What should have happened?

Should be same as olive inference

What browsers do you use to access the UI ?

No response

Sysinfo

sysinfo-2024-03-05-10-00.json

Console logs

2nd generate console log
Olive: Parameter change detected
Olive: Recompiling base model
WARNING: ONNX implementation works best with SD.Next. Please consider migrating to SD.Next.
Olive implementation is experimental. It contains potentially an issue and is subject to change at any time.
ONNX: processing=StableDiffusionProcessingTxt2Img, pipeline=OnnxStableDiffusionXLPipeline
100%|███████████████████████████████████████████████████████████████████████████████████████████████████████████████████████████████████████████████████████████████████████████| 20/20 [02:48<00:00,  8.44s/it]
2024-03-05 17:52:48.2647133 [E:onnxruntime:, sequential_executor.cc:514 onnxruntime::ExecuteKernel] Non-zero status code returned while running GroupNorm node. Name:'GroupNorm_22' Status Message: D:\a\_work\1\s\onnxruntime\core\providers\dml\DmlExecutionProvider\src\MLOperatorAuthorImpl.cpp(2571)\onnxruntime_pybind11_state.pyd!00007FFE7621DA68: (caller: 00007FFE769851B1) Exception(4) tid(5988) 8007000E Not enough memory resources are available to complete this operation.

Additional information

No response

lshqqytiger · 2024-03-06T05:29:31Z

Close everything except for the necessary processes and webui then try again.
Nevertheless, if it fails, download optimized models from huggingface or somewhere.

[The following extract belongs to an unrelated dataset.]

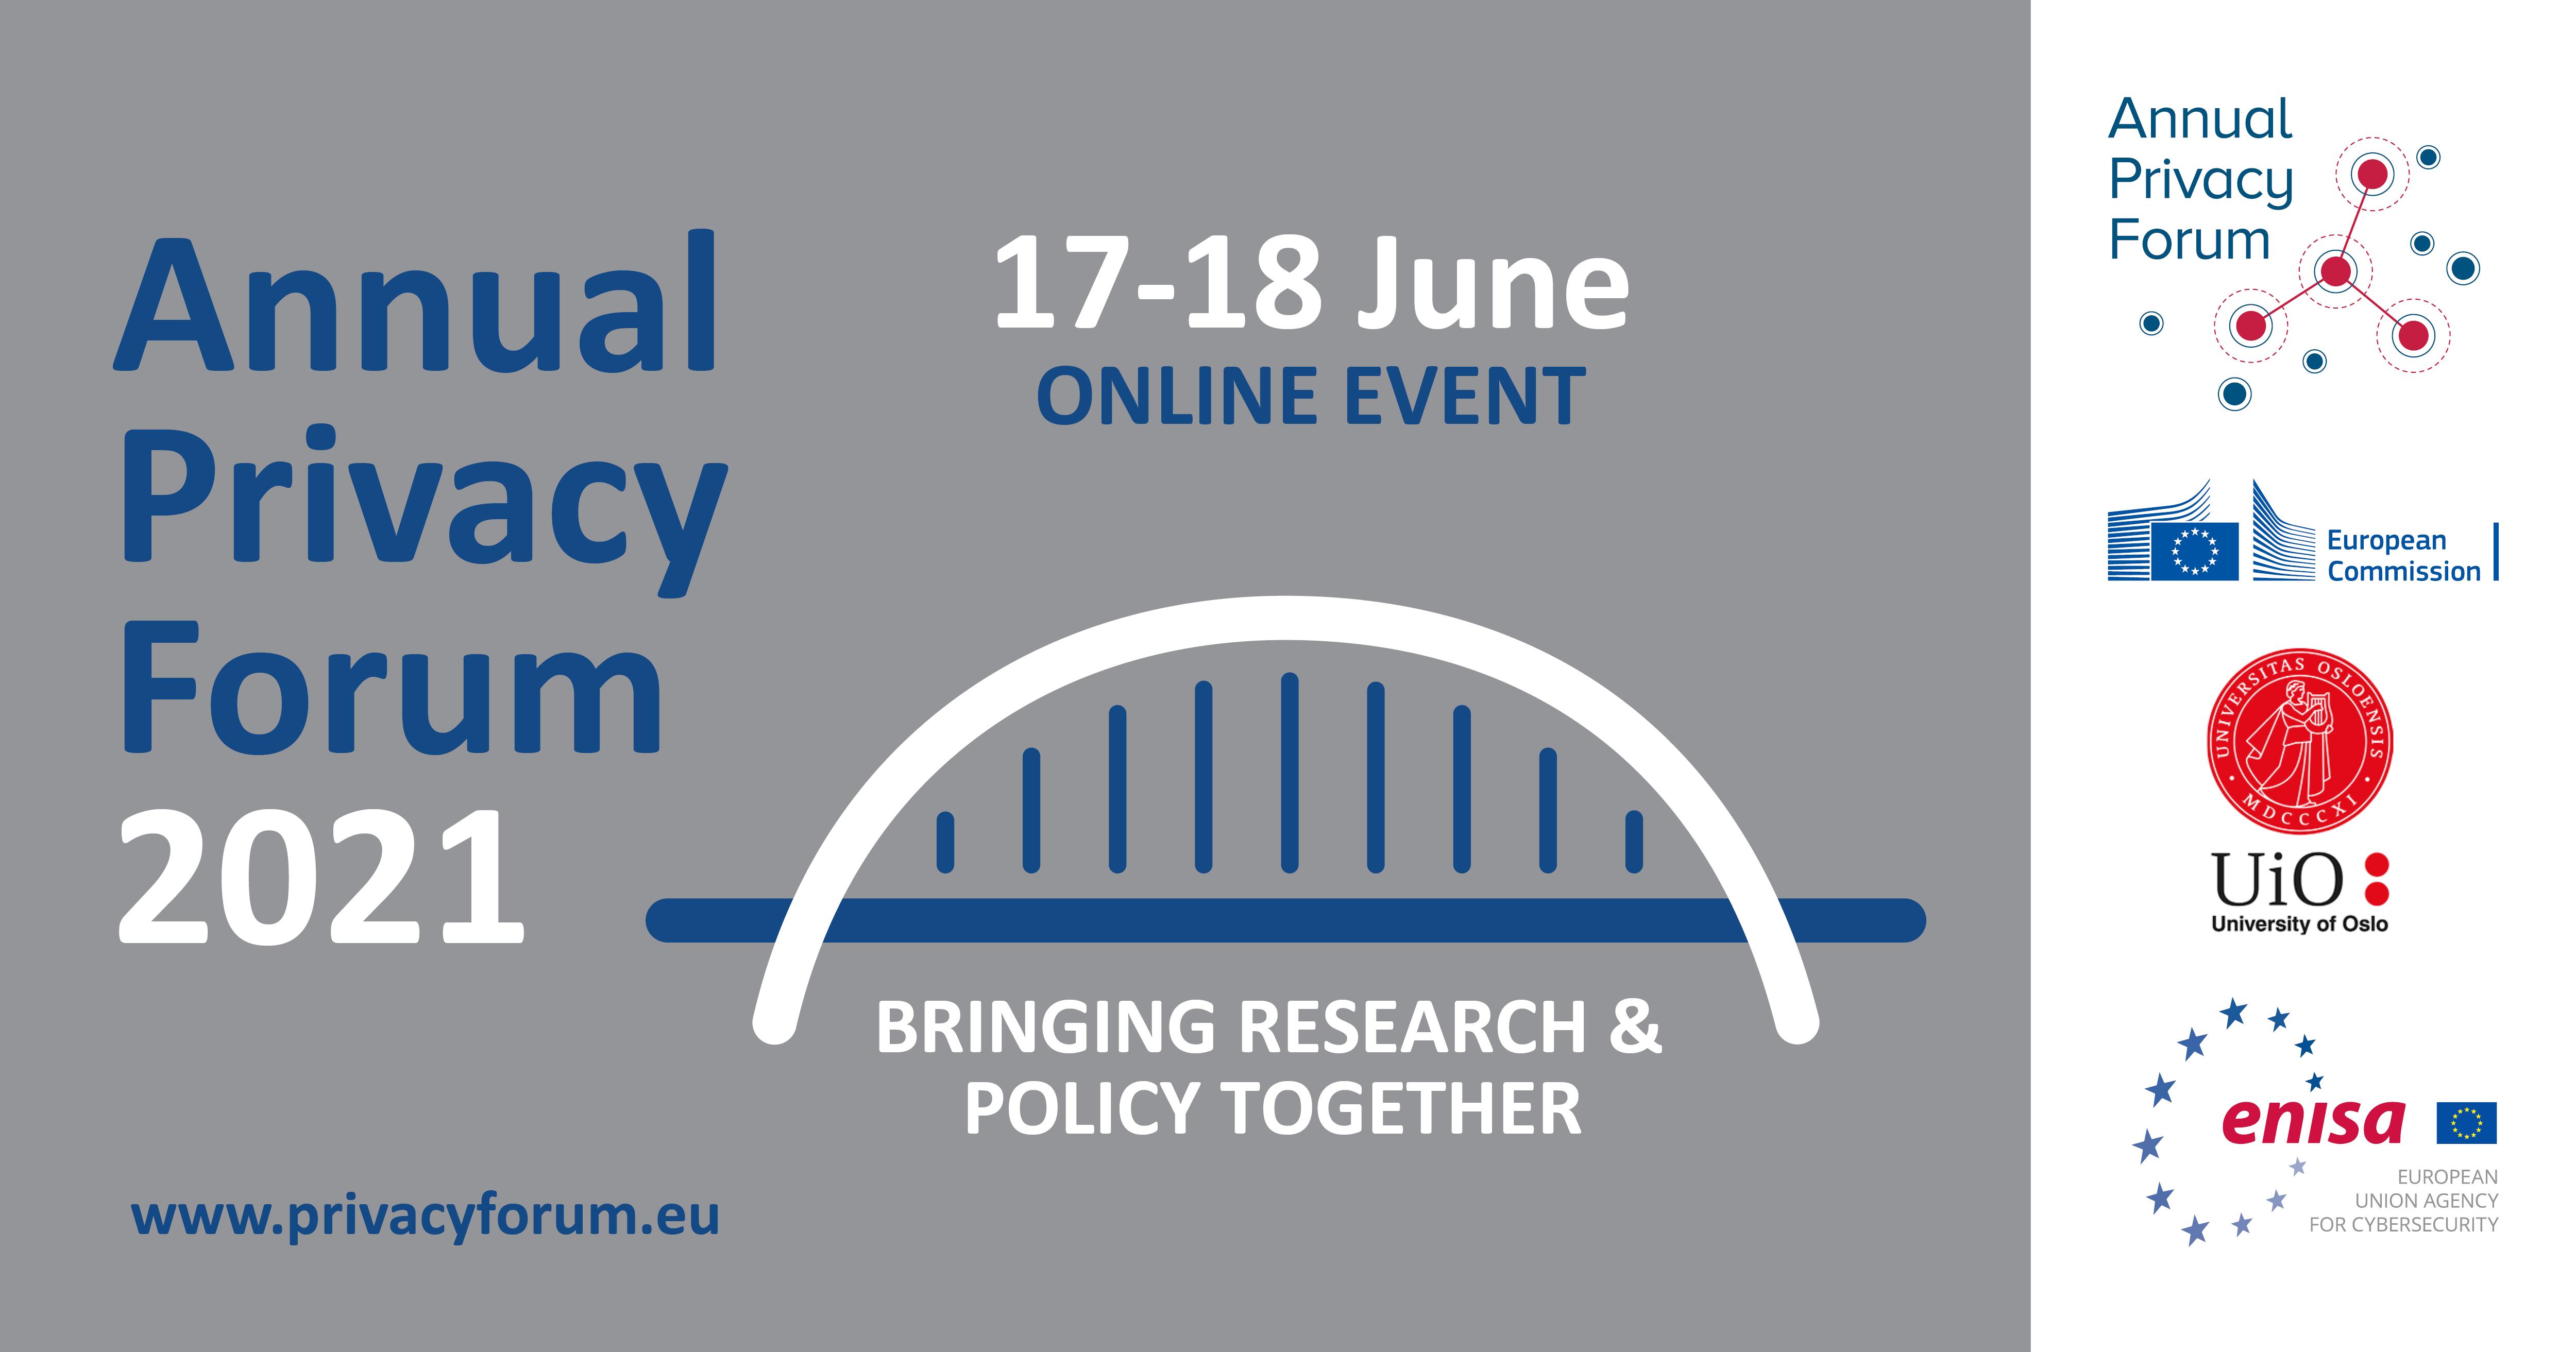 Annual Privacy Forum 2021

Jay19751103 · 2024-03-12T06:49:34Z

Hi

I have closed every or use more VRAM GPU card , there still have issue to recompiling even I don't change anything

First time it can reach 3.53 it/s
After 10 image generated, I regenerate 1 image (batch count) . it will enter Recompiling (note generate 10 image also get same)
and system goes to very slove 4.29s/it

lshqqytiger · 2024-03-13T01:15:44Z

The compilation parameter store may be changed in somewhere. (by the code or user) Are you sure that you don't change any parameters/options after 10 images are generated? Is it possible to reproduce that issue on SD.Next?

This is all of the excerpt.